Atatürk sahilde görüp çok etkilendiği ulu bir çınar ağacının yanına bir köşk yaptırır. Fakat bir süre sonra çınarın dalları köşkün çatısına zarar vermeye başlar ve bahçıvan Atatürk’ten dalları kesmek için izin ister. Atatürk dalların kesilmesi yerine köşkün yürütülmesini isteyince de köşk, İstanbul'dan getirtilen tramvay rayları üzerinde sekiz çocuk adımı yürütülür.
İşte "Yürüyen Çınar" ilhamını bu meşhur çınardan alıyor. Çınar nasıl da öfkeliydi bir gün. Çıkardı köklerini topraktan, yürüdü yapraklarını fırlata fırlata. Nereye böyle çınar? Atatürk dallarına zarar gelmesin diye taşıtmadı mı koca köşkü yanından?..

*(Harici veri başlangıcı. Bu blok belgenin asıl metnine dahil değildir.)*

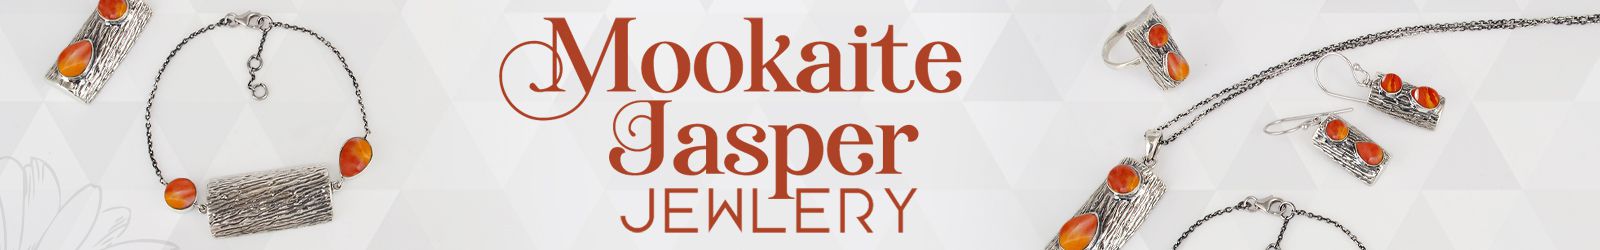 Silver Mookaite Jasper Jewelry Wholesale Supplier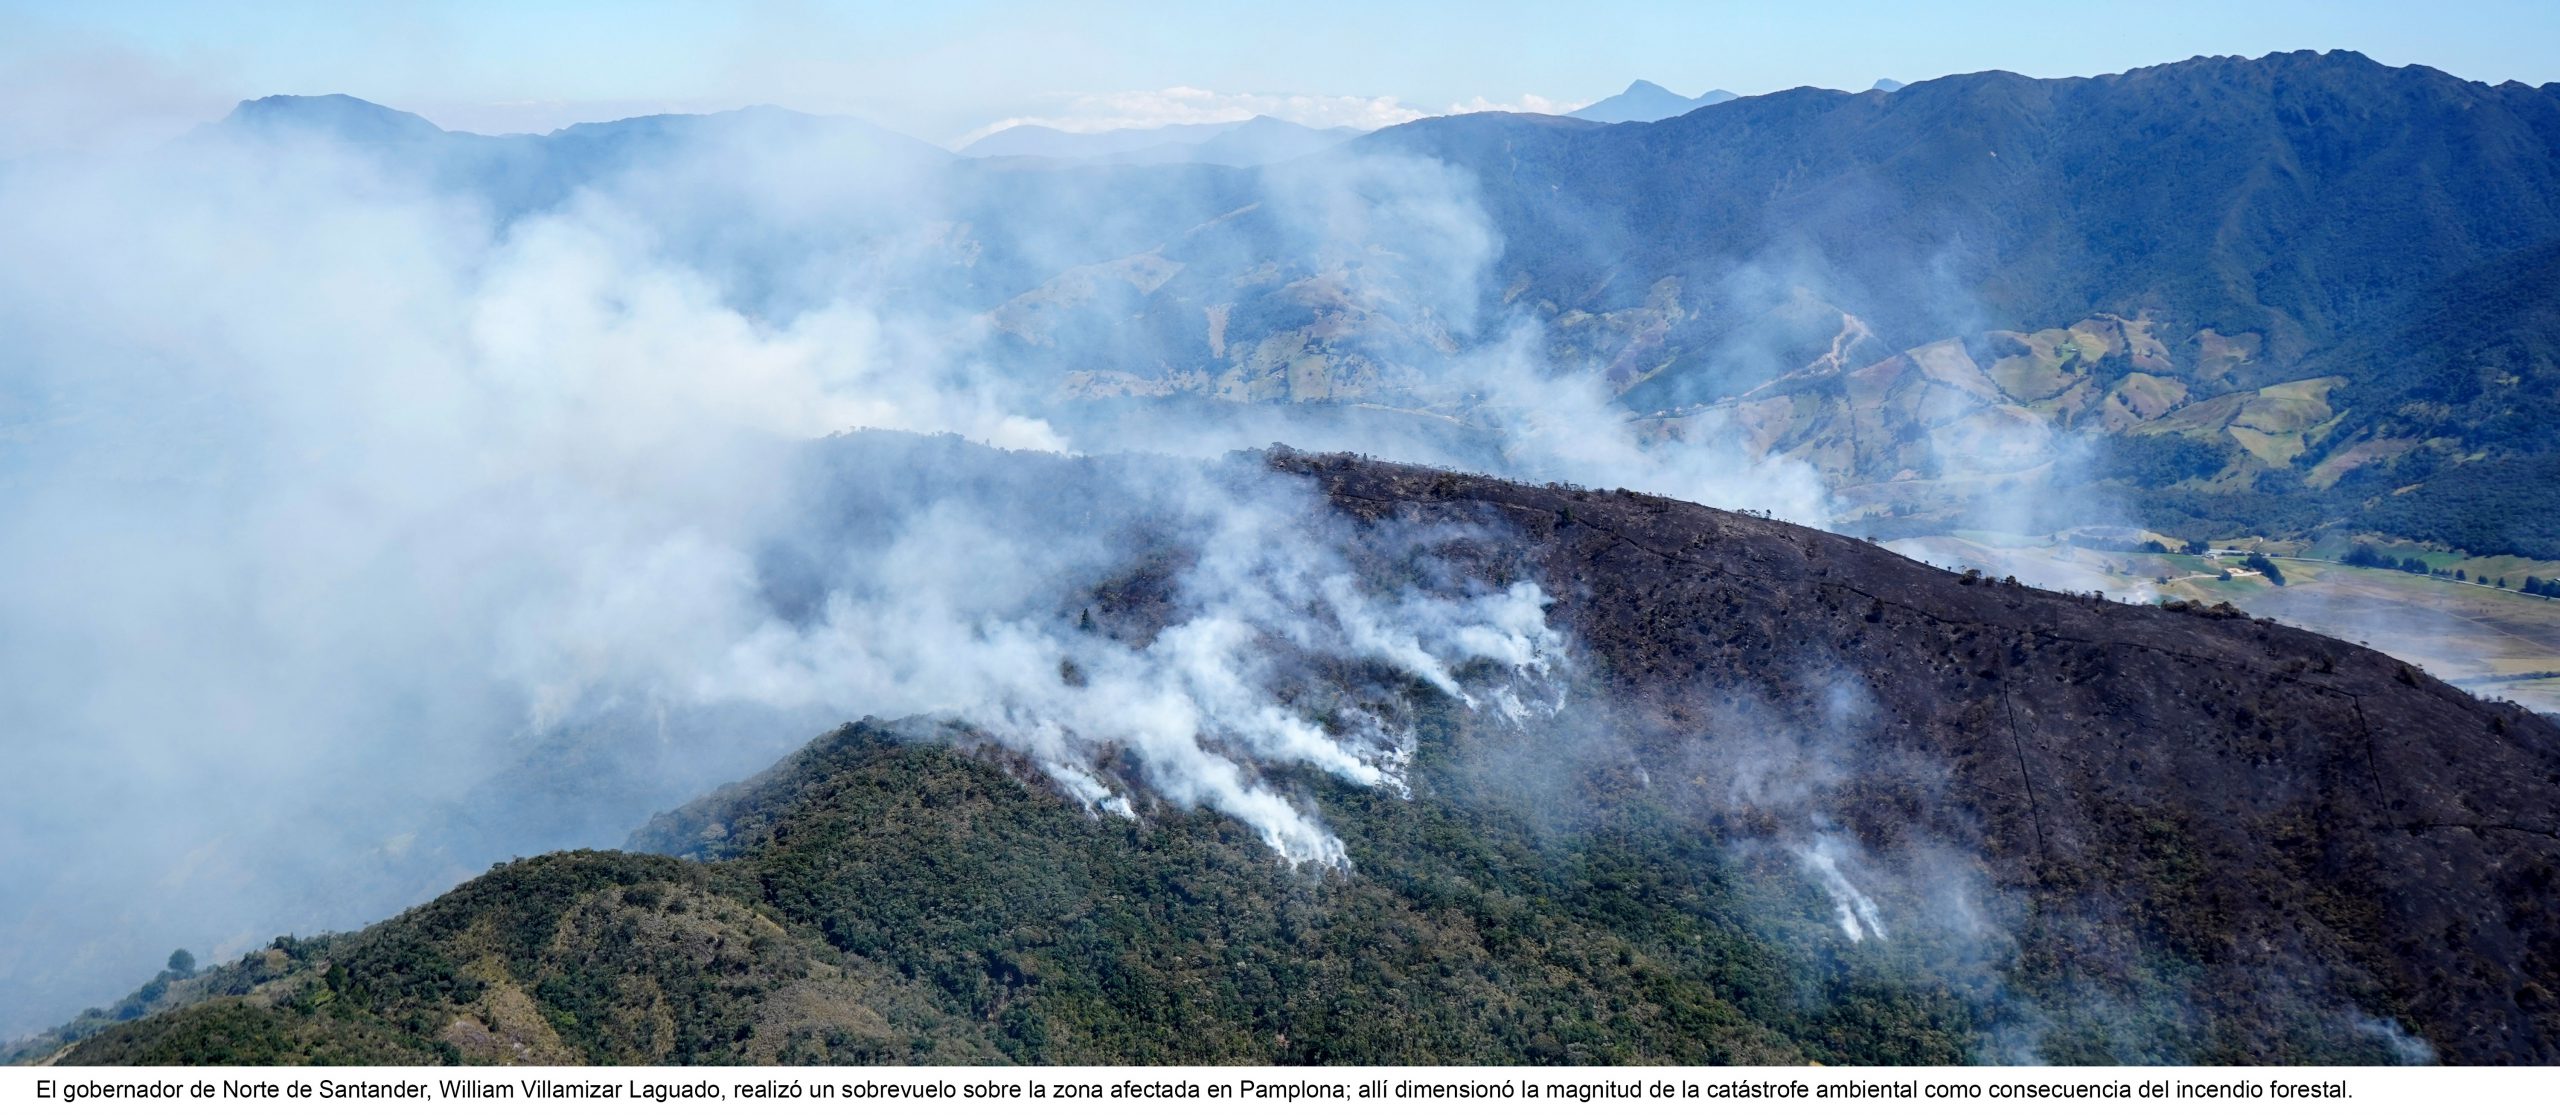 Restauración ecológica de ecosistemas afectados por incendios forestales Pamplona, Norte de Santander

Ödüllü sanatçı Huban Korman'ın rengârenk resimleriyle yeniden raflarda yerini alan "Yürüyen Çınar", ağaçları ve doğayı korumanın önemini vurgulayan bir öykü. Hem çocuklara hem yetişkinlere yönelik kitaplarıyla sevilen yazar Simlâ Sunay'ın yazdığı bu öykünün kahramanları ise, Yürüyen Köşk’ün tarihi çınarı ile çocuklar.